= Take My Hand, Precious Lord =

Song written and composed by Thomas A. Dorsey

"Take My Hand, Precious Lord" (a.k.a. "Precious Lord, Take My Hand") is a gospel song with lyrics by Thomas A. Dorsey. The music to the song was adapted by Dorsey from George N. Allen's hymn tune "Maitland". Dorsey's familiarity with this tune was through the Protestant hymn "Must Jesus Bear the Cross Alone" which used a 1693 text by Thomas Shepherd. This text was set to the tune of "Maitland" by Allen in 1844.

==History==
Dorsey wrote the lyrics to "Take My Hand, Precious Lord" in response to his inconsolable bereavement at the deaths of his wife, Nettie Harper, and his infant son in August 1932. Nettie died while giving birth to their child. Their son died two days after being born. The protestant hymn "Must Jesus Bear the Cross Alone" became Dorsey's inspiration for the music to the song. This hymn used a 1693 text by Thomas Shepherd but with an 1844 musical setting composed by George Nelson Allen known separately as "Maitland". Dorsey's account of the creation of "Precious Lord" was filmed for the 1982 gospel music documentary Say Amen, Somebody.

An early recording of "Take My Hand, Precious Lord" was made on February 16, 1937, by the Heavenly Gospel Singers (Bluebird B6846). "Take My Hand, Precious Lord" was first published in 1938. "Take My Hand, Precious Lord" is published in more than 40 languages.

==Performances==
It was Martin Luther King Jr.'s favorite song, and he often invited gospel singer Mahalia Jackson to sing it at civil rights rallies to inspire crowds; at his request she sang it at his funeral in April 1968. King's last words before his assassination was a request for musician Ben Branch to play it at a service he was due to attend that night. King's exact last words were "Ben, make sure you play 'Take My Hand, Precious Lord' in the meeting tonight. Play it real pretty." Opera singer Leontyne Price sang it at the state funeral of President Lyndon B. Johnson in January 1973, and Aretha Franklin sang it at Mahalia Jackson's funeral in 1972. Franklin also recorded a live version of the song for her album Amazing Grace (1972) as a medley with "You've Got a Friend". It was sung by Nina Simone at the Westbury Music Fair on April 7, 1968, three days after King's assassination. That evening was dedicated to him and recorded on the album 'Nuff Said!. It was also performed by Ledisi in the movie and soundtrack for Selma in which Ledisi portrays Mahalia Jackson. It was also performed by Beyoncé at the 57th Annual Grammy Awards on February 8, 2015. Dave Grohl recited the lyrics of the song at a remembrance service for his friend, Lemmy from Motörhead, in January 2016.

==Recordings==
Many notable musicians have recorded "Take My Hand, Precious Lord". It was recorded by Mahalia Jackson on Tuesday March 27, 1956, on the album Bless This House (Columbia Records CL 899) with The Fall-Jones Ensemble: Mildred Falls (piano), Ralph Jones (organ).

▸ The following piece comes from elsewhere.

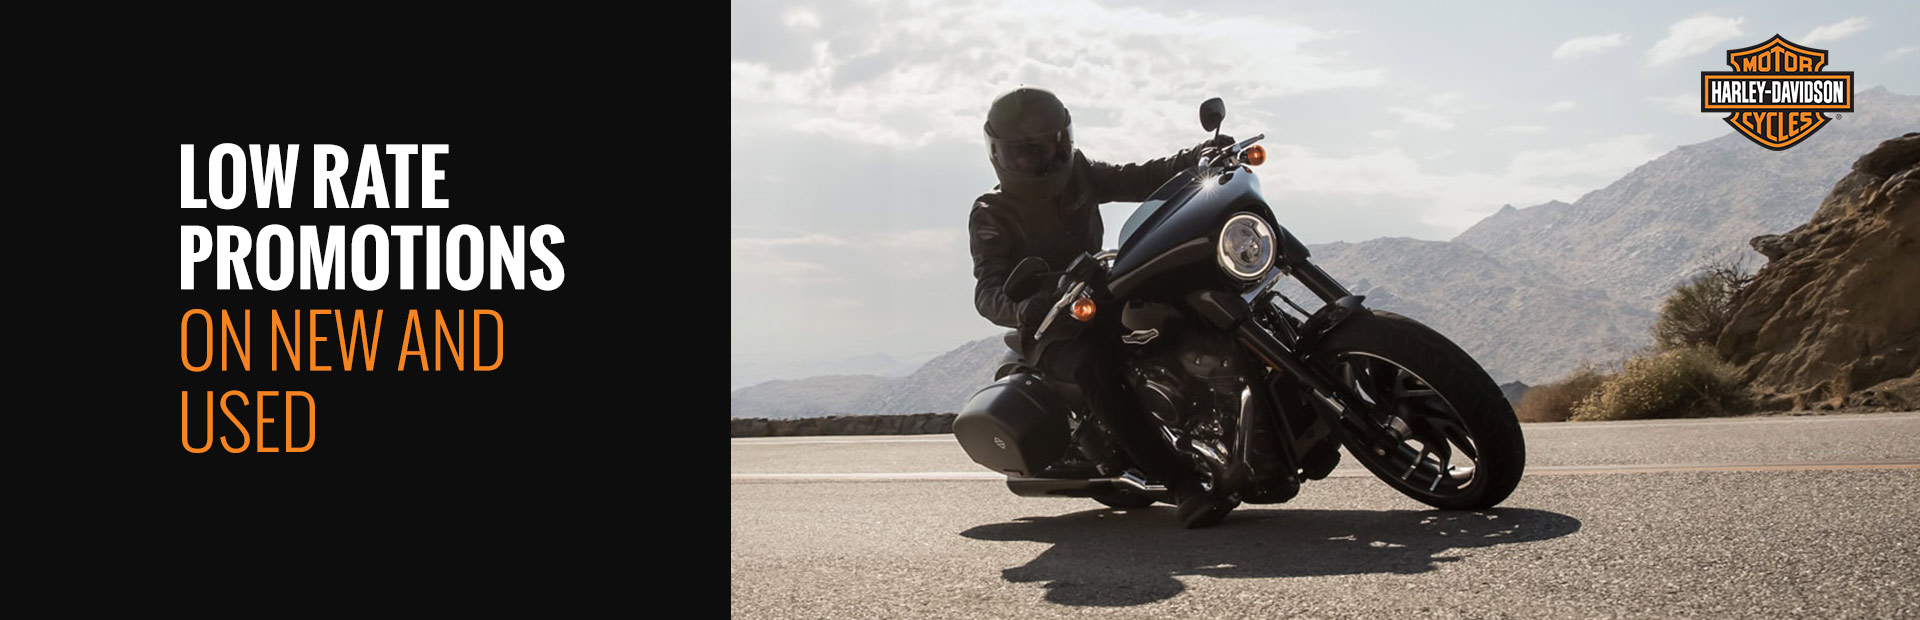 shop new used harley davidson motorcycles motorclothes parts rh greatlakeshd com Mechanic Repair Receipt Mobile Mechanic Repair

- 1938: Selah Jubilee Singers (Decca 7598)
- 1939: The Soul Stirrers (Down Beat 103)
- 1941: Sister Rosetta Tharpe (Decca 8610)
- 1954: The Blind Boys Of Alabama on Oh Lord, Stand By Me (Speciality)
- 1954: Little Jimmy Dickens on Old Country Church (Columbia)
- 1956: Mahalia Jackson on Bless This House (Columbia)
- 1956: Aretha Franklin on Songs of Faith
- 1957: Elvis Presley on Elvis' Christmas Album (RCA Victor)
- 1961: Blind Connie Williams
- 1962: Jim Reeves on We Thank Thee (RCA Victor)
- 1963: Ralph Carmichael on Hymns at Sunset (Capitol, re-released in 1972 on Light Records)
- 1982: Al Green on Precious Lord (Grammy winner)
- 1984: Denny Correll on Golden Hymns (DC Records)
- 1973 Link Wray on Beans and Fatback (Virgin)
- 2014: Ledisi from Selma
- 2017: Dee Dee Bridgewater on Memphis... Yes, I'm Ready
- 2019: Kimbra on Offering, 2019 charity album
- 2023: Kristin Hayter on Saved!

==Accolades==
"Take My Hand, Precious Lord" was inducted into the Christian Music Hall of Fame in 2007. It was also included in the list of Songs of the Century, by the Recording Industry Association of America and the National Endowment for the Arts. In 2012, Mahalia Jackson's recording of "Precious Lord, Take My Hand" was honored with the Grammy Hall of Fame Award.

In June 2026, CBS News included the song in its list of the 250 essential American songs of the past 250 years.